LikeLiked by 1 person
Sue said:
Oh, don’t give yourself more work, Meg!!
LikeLike
Tish Farrell said:
Oh, Meg. There must be something in the atmosphere, but only today I’ve been considering/confronting my own archive with a mixture of dismay, frustration and irritation. Much of it is in my great grandmother’s second husband’s seaman’s chest – and I wish it wasn’t. I’ve now decided that I need to start reading through it all with a view to serious pruning. All those projects that I planned but have not completed. My only worry is that I do not have sufficient brain RAM left to process the stuff. So good luck to both of us in making something of our respective archives ๐
LikeLiked by 1 person
morselsandscraps said:
I’m cowardly. I wasn’t confronting the archive, only cataloging it! At least it’s now vaguely organised, a job from a few years ago. A sea chest sounds a bit irresistible. Have you browsed it before? And I bet you enjoy the thought of pruning plants more. Good luck to both of us indeed! I thought I was the only one with diminished RAM and unfinished projects.
LikeLiked by 3 people
Tish Farrell said:
Oh no you’re not alone. And not only is there the seaman’s chest, but also 3 x 2- drawer filing cabinets. So my stuff is all catalogued too, but how to process it. And do I need to.

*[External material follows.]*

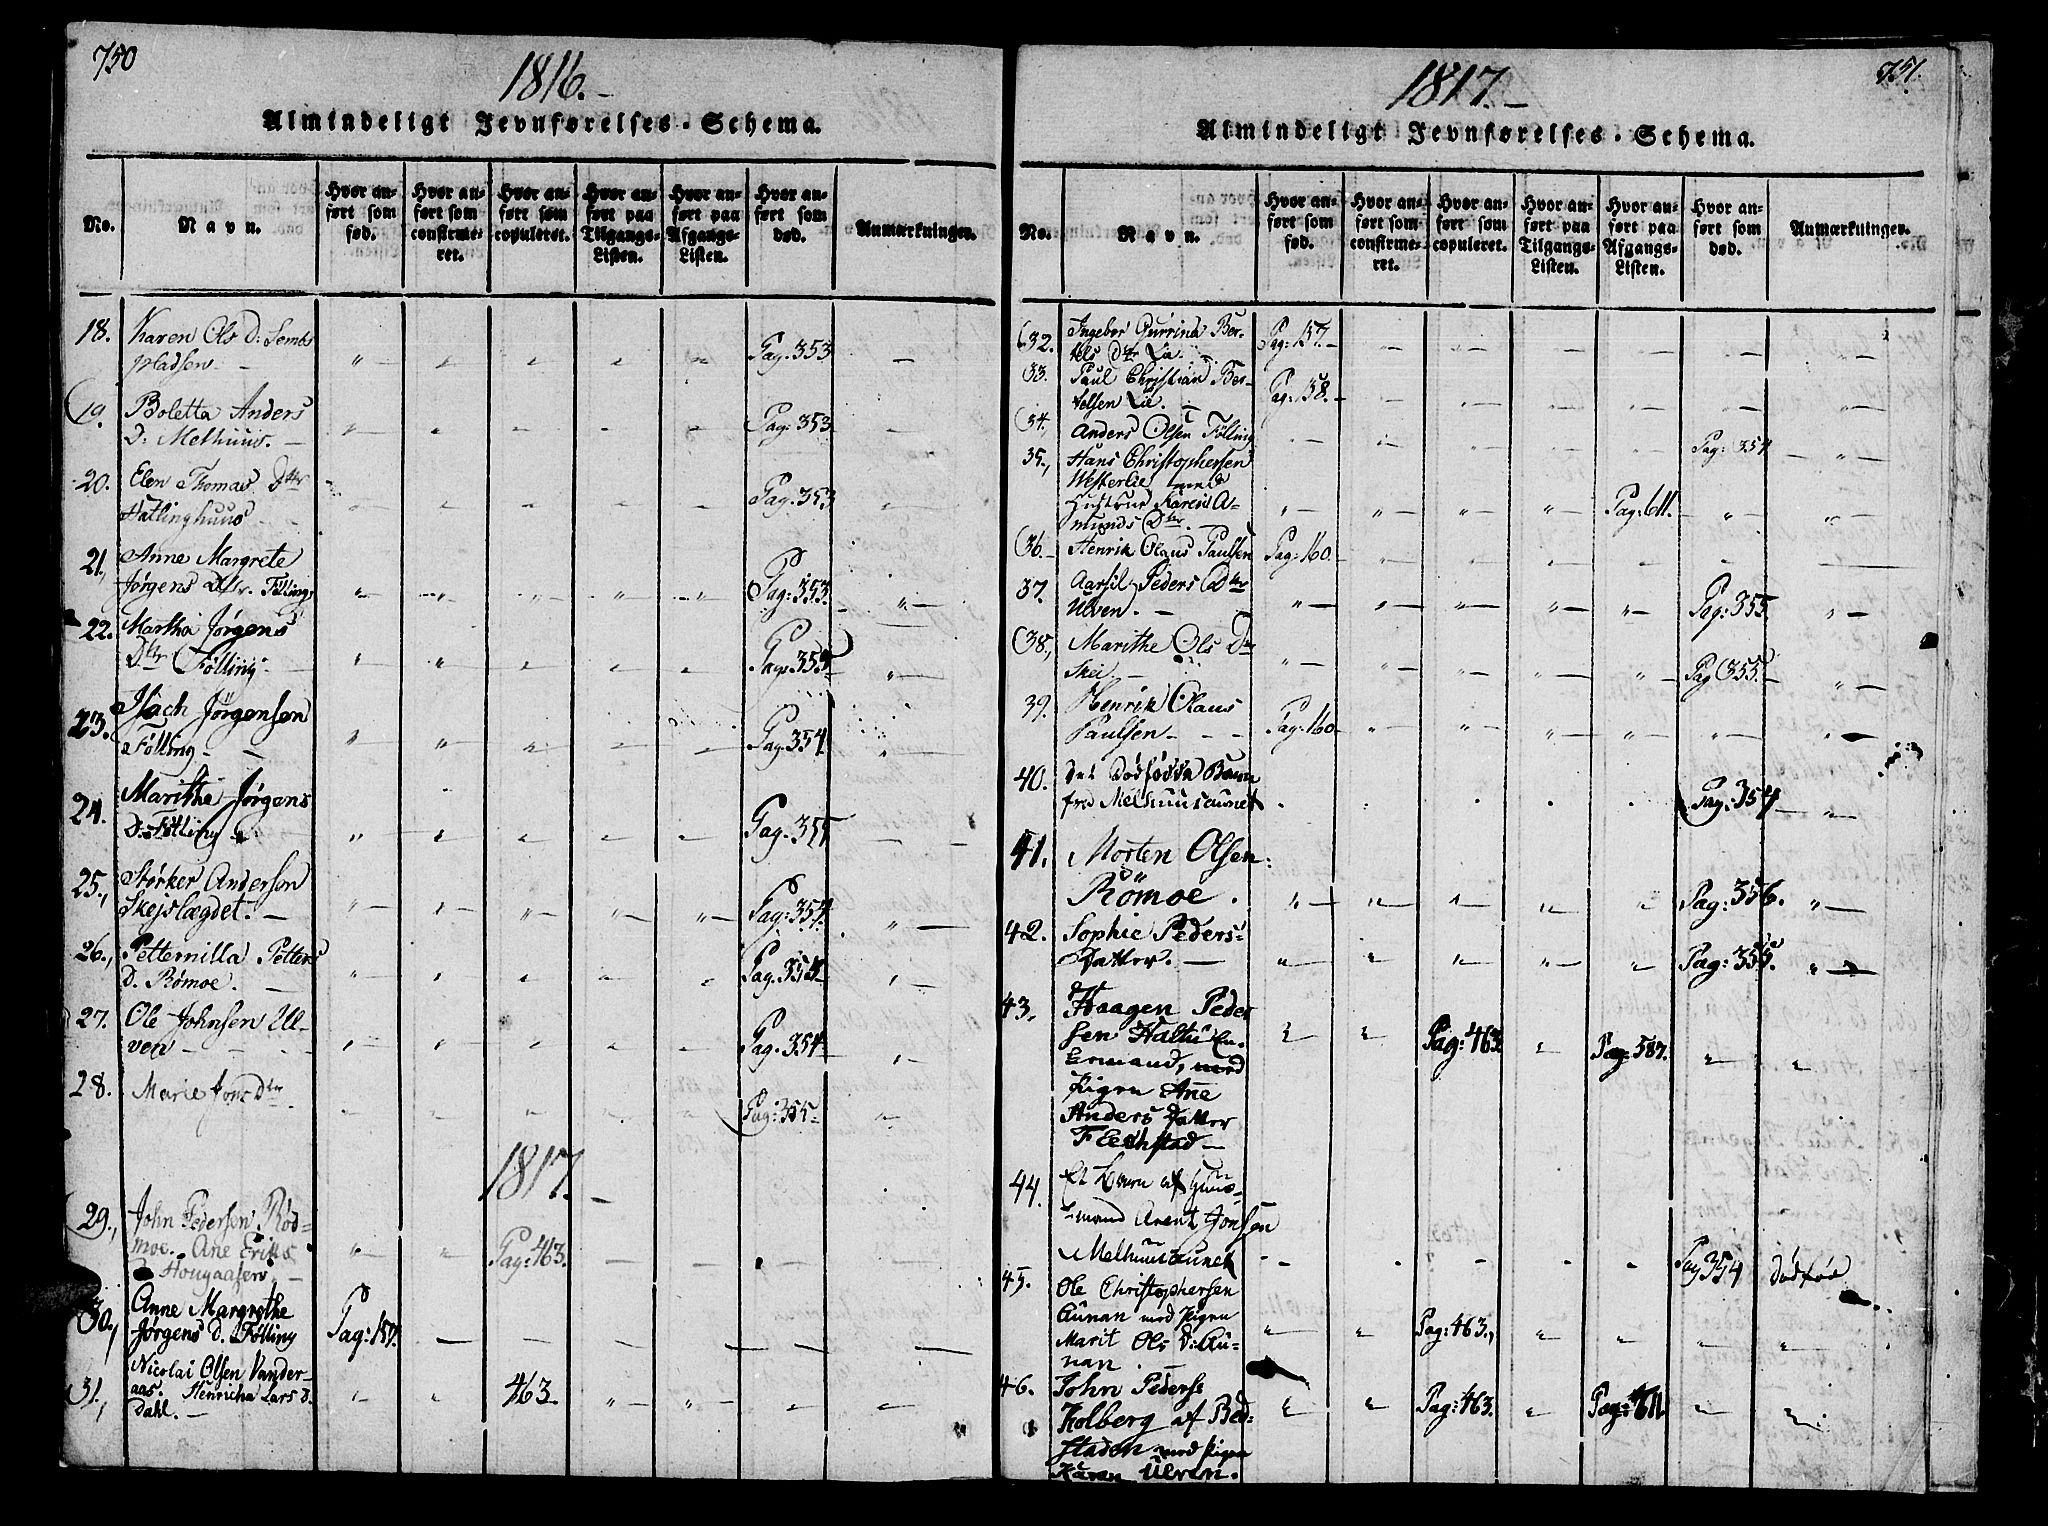 SAT, Ministerialprotokoller, klokkerbøker og fødselsregistre - Nord-Trøndelag, 746/L0441: Ministerialbok nr. 746A03 /4, 1816-1827, s. 750-751

And can I write to the books I meant to write when I was gathering so much of it – 8 years of Africa newspaper cuttings not the least of it. Graham, who is v.good at cutting mega tasks down to size says I should just spend an hour a day confronting it. So far the contents of the seaman’s chest are spread all over the floor in an attempt to drive me to start. So good luck to both of us indeed.
LikeLiked by 1 person
morselsandscraps said:
Trouble with an hour a day is, once you get going you often get hooked – on either contents or finishing the bloody job!!
LikeLiked by 1 person
Tish Farrell said:
Ah well, getting hooked is OK. The hour a day advice I think was G’s way of getting me started in the first place. No signs of that yet. Soon I will have to hoover the disembowelled contents of the chest…
LikeLike
funnymentalist61 said:
Meg, I was intrigued by your list of archives. How interesting. I look forward to hearing of your results from your time in Melbourne. We will have seen you before then. perhaps my penchant for hoarding of Mum’s letters, and plan to write her ‘Megoirs’ is not such a bad thing. I think you are aware my Mum was affectionately known as ‘Aunty Meg’ in a few quarters. ‘Nuff for now.
LikeLike
morselsandscraps said:
I used to resent having no name of my own after I married. And then I opted for Meg!! Your mum’s letters are worth reading, especially the Ethiopian ones.